You’ll need to create an api key (CHART_TOKEN) which will allow github actions to act on your behalf. Go into your user settings

Then Developer Settings, then Personal access tokens. Click Generate new token

I change to no expiration and full repo access.

When you hit generate, copy the token that is displayed. Save it somewhere.

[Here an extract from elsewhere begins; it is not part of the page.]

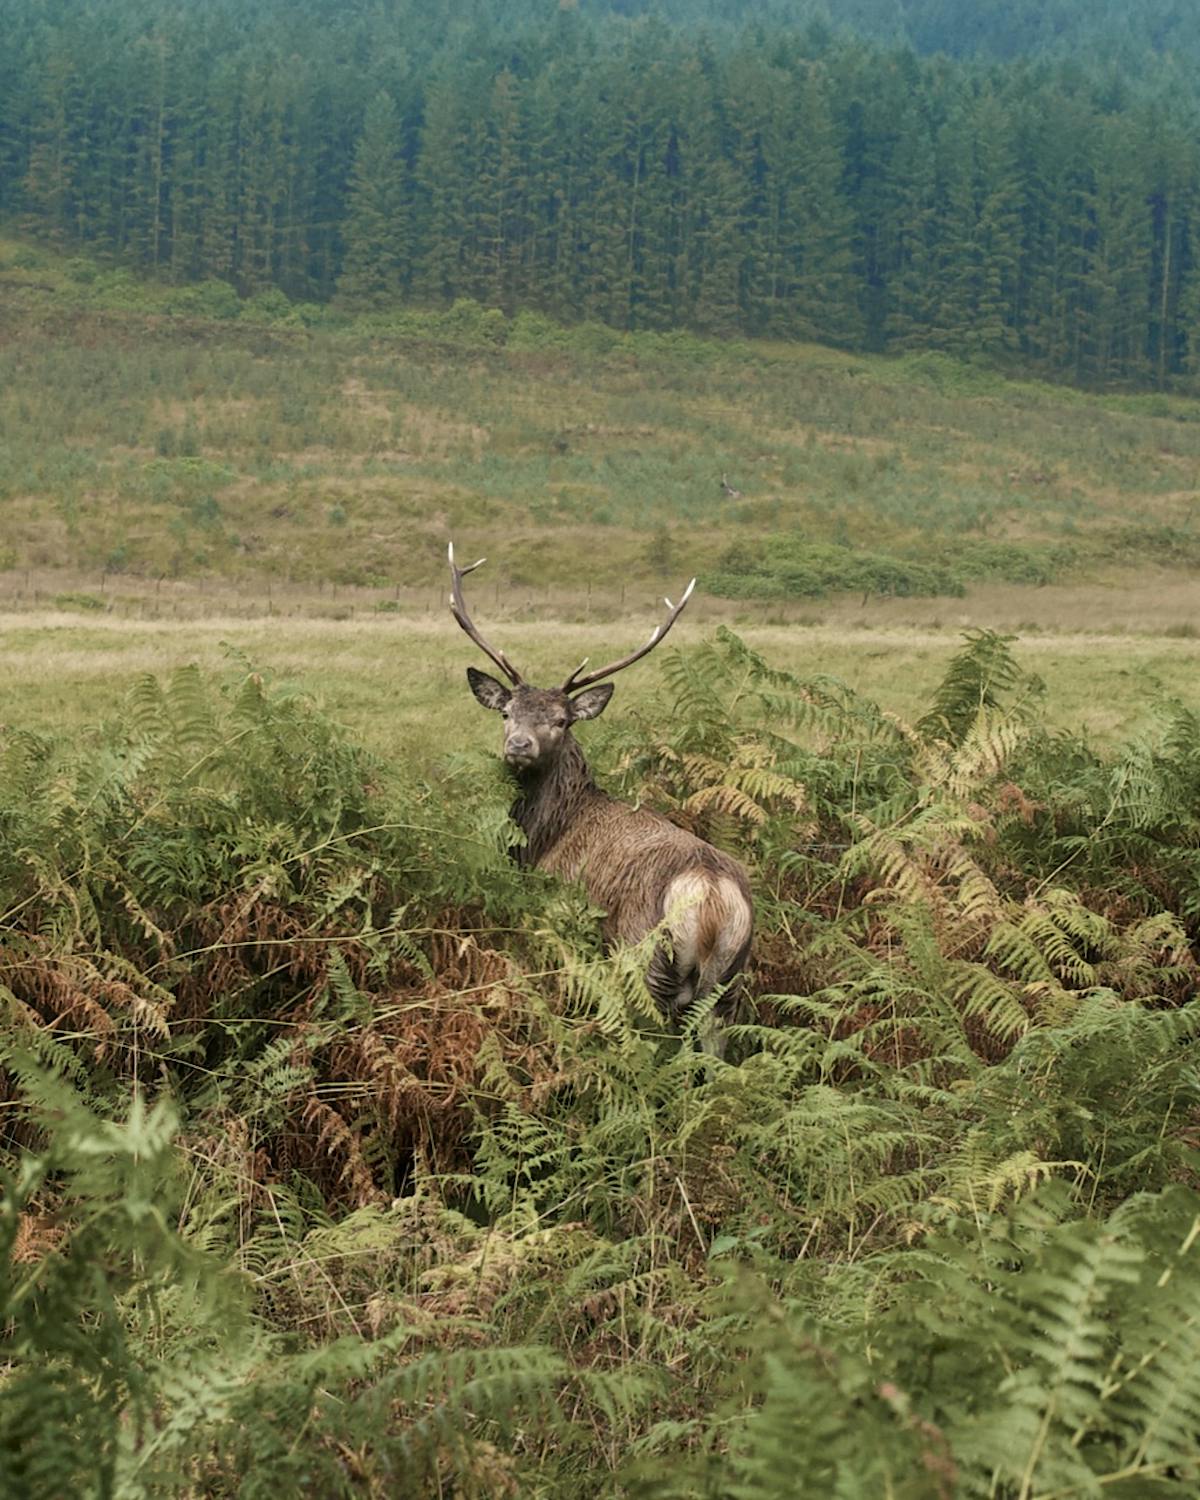 A stag standing in a glen.

Go to your cloud_application settings/secrets page. Create a New repository secret called CHART_TOKEN with the value of your token

Publish the Chart Repo

All we have to do now is push these changes up into main

$ git add . 

$ git commit -m "helm chart"
[main b20f32e] helm chart
 14 files changed, 437 insertions(+), 1 deletion(-)
 create mode 100644 helm/cloud-application/.helmignore
 create mode 100644 helm/cloud-application/Chart.yaml
 create mode 100644 helm/cloud-application/templates/NOTES.txt
 create mode 100644 helm/cloud-application/templates/_helpers.tpl
 create mode 100644 helm/cloud-application/templates/deployment.yaml
 create mode 100644 helm/cloud-application/templates/hpa.yaml
 create mode 100644 helm/cloud-application/templates/ingress.yaml
 create mode 100644 helm/cloud-application/templates/role.yaml
 create mode 100644 helm/cloud-application/templates/rolebinding.yaml
 create mode 100644 helm/cloud-application/templates/service.yaml
 create mode 100644 helm/cloud-application/templates/serviceaccount.yaml
 create mode 100644 helm/cloud-application/templates/tests/test-connection.yaml
 create mode 100644 helm/cloud-application/values.yaml

$ git push
Enumerating objects: 26, done.
Counting objects: 100% (26/26), done.
Delta compression using up to 4 threads
Compressing objects: 100% (19/19), done.
Writing objects: 100% (22/22), 6.49 KiB | 1.62 MiB/s, done.
Total 22 (delta 2), reused 0 (delta 0), pack-reused 0
remote: Resolving deltas: 100% (2/2), completed with 2 local objects.
To github.com-bullyrook:bullyrooks/cloud_application.git
   a060e27..b20f32e  main -> main

We should see our new task getting executed from the github actions screen

Found chart directory helm/cloud-application
==> Linting helm/cloud-application
[INFO] Chart.yaml: icon is recommended

1 chart(s) linted, 0 chart(s) failed
Successfully packaged chart and saved it to: /tmp/tmp.Mnhdph/cloud-application-1.0.3.tgz
Cloning into 'helm-charts'...
Branch 'gh-charts' set up to track remote branch 'gh-charts' from 'origin'.
Switched to a new branch 'gh-charts'
No index found, generating a new one
[gh-charts cfeabb6] Publish cloud-application-1.0.3.tgz
 2 files changed, 14 insertions(+)
 create mode 100644 cloud-application-1.0.3.tgz
 create mode 100644 index.yaml
To https://github.com/***/helm-charts
   e267136..cfeabb6  gh-charts -> gh-charts

and we should see the tarball and index updated in the chart github repo

Most importantly, the service chart version will match the image tag version and both will be available in our helm chart.